17 May 2007 - GML and Database Interoperability
I would like to pick up on the issue of what GML can or cannot add to the interoperability between databases.
First I would note that the whole discussion (Savage et al) wrt GML 1.0 and GML 2.0 is a red herring, since both depend on schema descriptions. The only difference is that GML 2. opted to use XML Schema rather than creating a schema language ourselves (see the example quoted by Savage), and is thus led to a clear separation of schemas and instances. Nonetheless both GML 1. and 2.0 (and 3.0) make more or less the same contribution (good or bad) to the issue of database interoperability.

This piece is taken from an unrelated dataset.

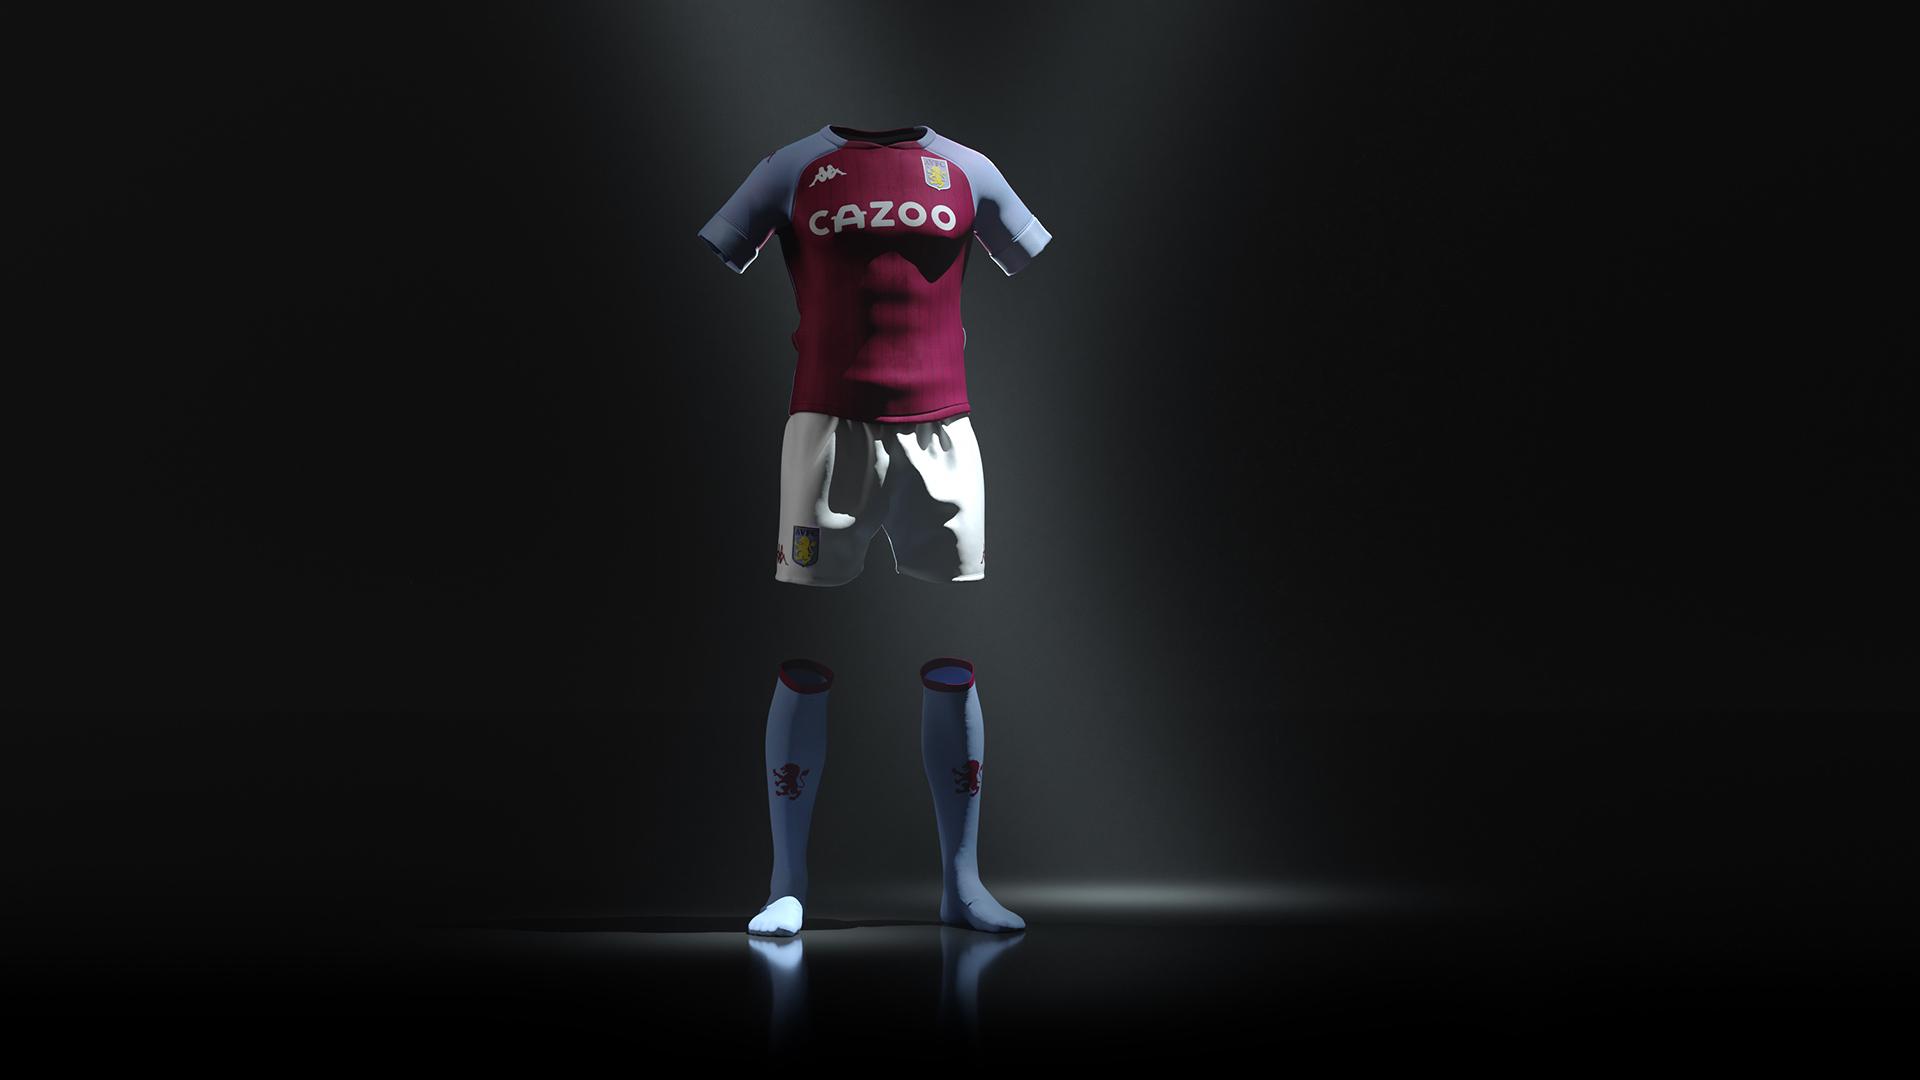 Aston-Villa-Kit-Launch-Animation-08

Let's begin by noting that GML on its own does NOTHING about the fact that I used street when you used road, or that your road has an integer numLanes property while mine has a positive integer numberOfLanes property. Solving this problem automatically is extremely difficult and I would judge well beyond any near term technology. GML provides a middle ground. It allows you to express the schema you do have. It does that using XML Schema and a core set of GML primitives. It allows me to express my schema using the same constructs. Note that when use the same core constructs (geometry, time, topology, coordinate systems) than the interoperability gap is narrowed - but it is not erased. Your schema with numLanes still comes out as numLanes, and my numberOfLanes still comes out as numberOfLanes - we probably would not want it otherwise, since that reflects our view of things. What this does allow us to do however is to SEE the other guys schema and to define the mapping from one to the other. That IS a doable proposition and IS possible and is being done.
GML also makes possible another viewpoint - and that is we can agree on a common schema for a community - just as everyone who uses GML is agreeing on a common structure for the exchanged XML and a common encoding for certain primitives like Point or Polygon. It is too much in my opinion to expect universal agreement on such a schema - if it is hard for a community to do this - how can we expect the whole web to agree? On the other hand it is a doable thing within a restricted community - like all people concerned with ship navigation - or all people concerned with tagging news stories - or all people concerned with commercial aviation. They CAN agree on what a NavAid is and they can agree on how to model it. GML then gives them a way to represent that agreement and to send it to others - and to validate that the data they are exchanging complies with the agreement. Not complete interoperability by any means - but a POSITIVE step forward.
Now I will be the first one to admit that modeling in XML Schema is not everyone's cup of tea. For this reason GML does not require it - nor even encourage it. Tools exist (e.g. ShapeChange) that can create GML application schemas automatically from UML. Other tools can do the same from relational databases and relational databases that incorporate spatial models like Oracle or ArcSDE on Oracle. What GML provides is a reasonably readable expression of the schema and one that can be used to check (to some degree) that integrity of data that complies with it.
So in Summary:
1. GML cannot solve automagically the database interoperability problem.
2. GML can represent reasonably complex data models in GML application schemas that incorporate spatial data, and related constructs for topology, time etc.
3. GML can enable you to validate instances of data against the schema.
4. GML enables the schema to be moved from one place to another - be exposed and thus to support early binding models for data analysis, data visualization and data transformation - including mapping the GML schema to different data stores.
5. GML can enable a community to create, publish and share a schema that is the common vocabulary of the community.